Выбрать главу

Но куда там. Я имею в виду, что нам следовало бы обзавестись по меньшей мере одной на сто процентов мексиканской орбитальной космической станцией, которая послужила бы катапультой для волнующей нас молодости, и жаль, что ее нет. (Вся Мексика лопнет от смеха, услышав это.) Но из твоего и моего искусств я предпочитаю свое. Нам нужно стать экстравагантными. ОДНО ДЕЛО — ЛЮБИТЬ КРАСОТУ ИЛИ ПРЕТЕНДОВАТЬ НА ОБЛАДАНИЕ ЕЮ, А ДРУГОЕ ДЕЛО - ПОГИБНУТЬ И ОТДАТЬ ЖИЗНЬ РАДИ КРАСОТЫ, ЧТОБЫ ОБЛАДАТЬ ЕЮ КАК ПОВЕРЕННОЙ МИРА.

Что произошло бы, не опубликуй я много лет назад свои книги за границей и не покинь добровольно Мексику?
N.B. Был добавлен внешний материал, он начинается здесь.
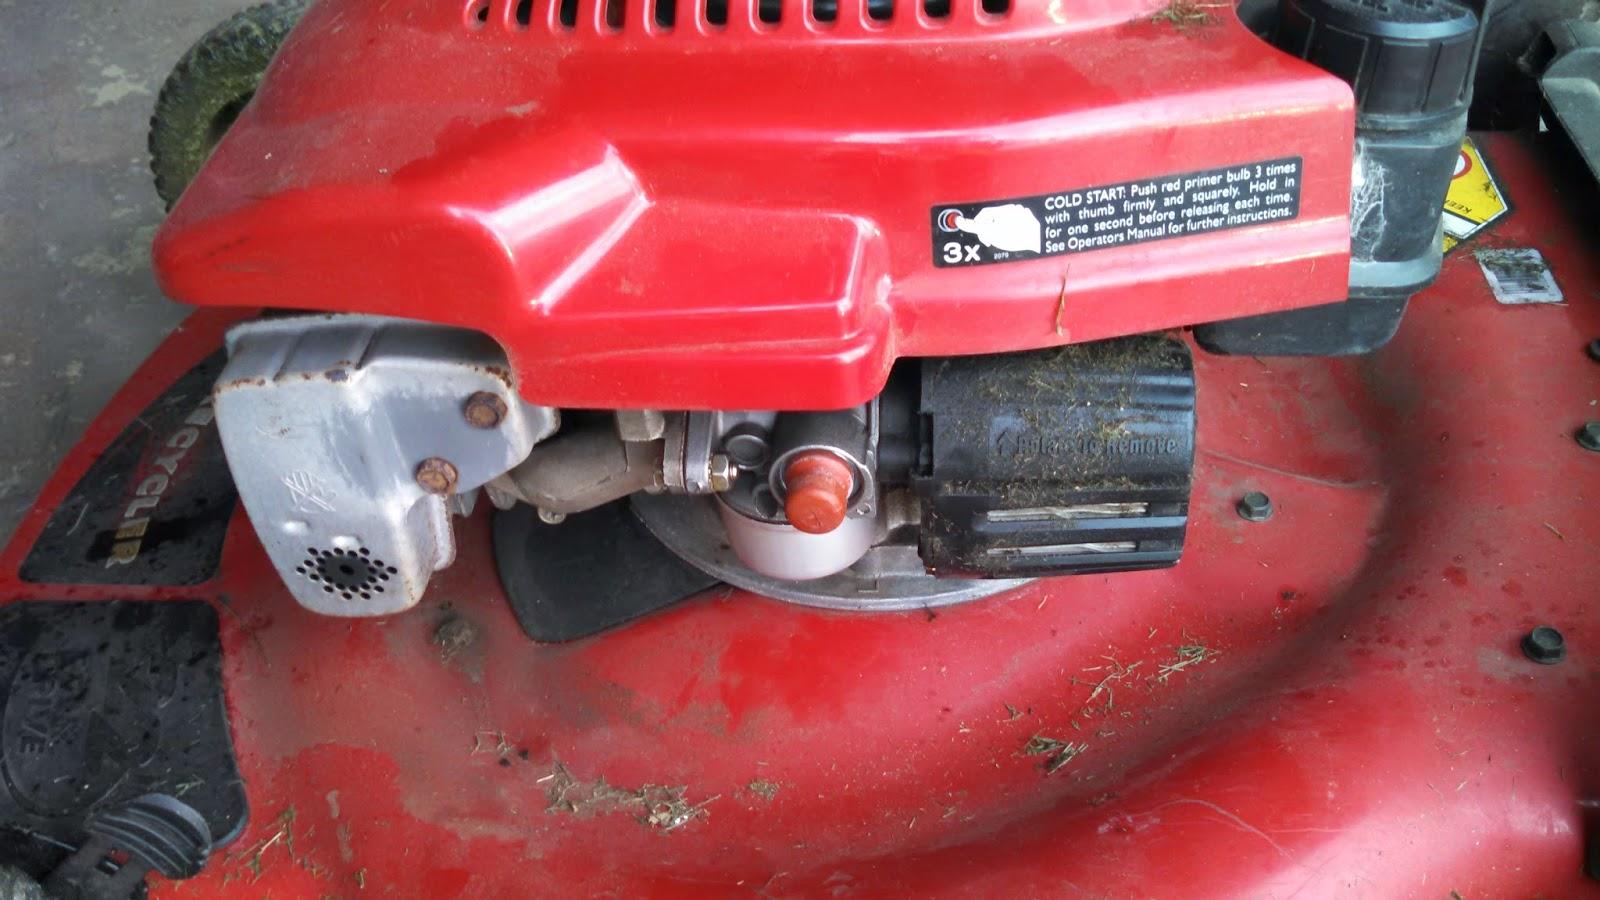 Lawn Mower (Toro) Small Engine Help Needed | Adventure Rider

Как чистопородный мексиканец с кожей цвета корицы, да еще в компании дона Хуана, я готов схватиться с кем угодно. Все это — я и не подозревал — уже никогда больше не повторится. Я не знаю, просочится ли Святой-Шаман сквозь промежутки света эшафота нашей обыденной жизни, в повседневность, где должно было бы царить Поклонение Владычице и Ее приближенному, близкому, ближнему, принадлежащему к расе с кожей цвета корицы, может быть, к высшей расе Америк, который сам, на ощупь, достиг полноты человека. Однако по крайней мере мы должны согласиться с тем, что один из нас — и не чужак — был там.

И он доказал это. Говоря без обиняков, ОТКРЫТИЕ ТАЙНЫ ВСЕГДА СТОИЛО НАМ ЖИЗНИ.

Он не открыл — так уж случилось — ни электрического света, ни полюсов мира, ни кибернетики, ни Юпитера… никто не сможет повторить того, что довелось пережить ему.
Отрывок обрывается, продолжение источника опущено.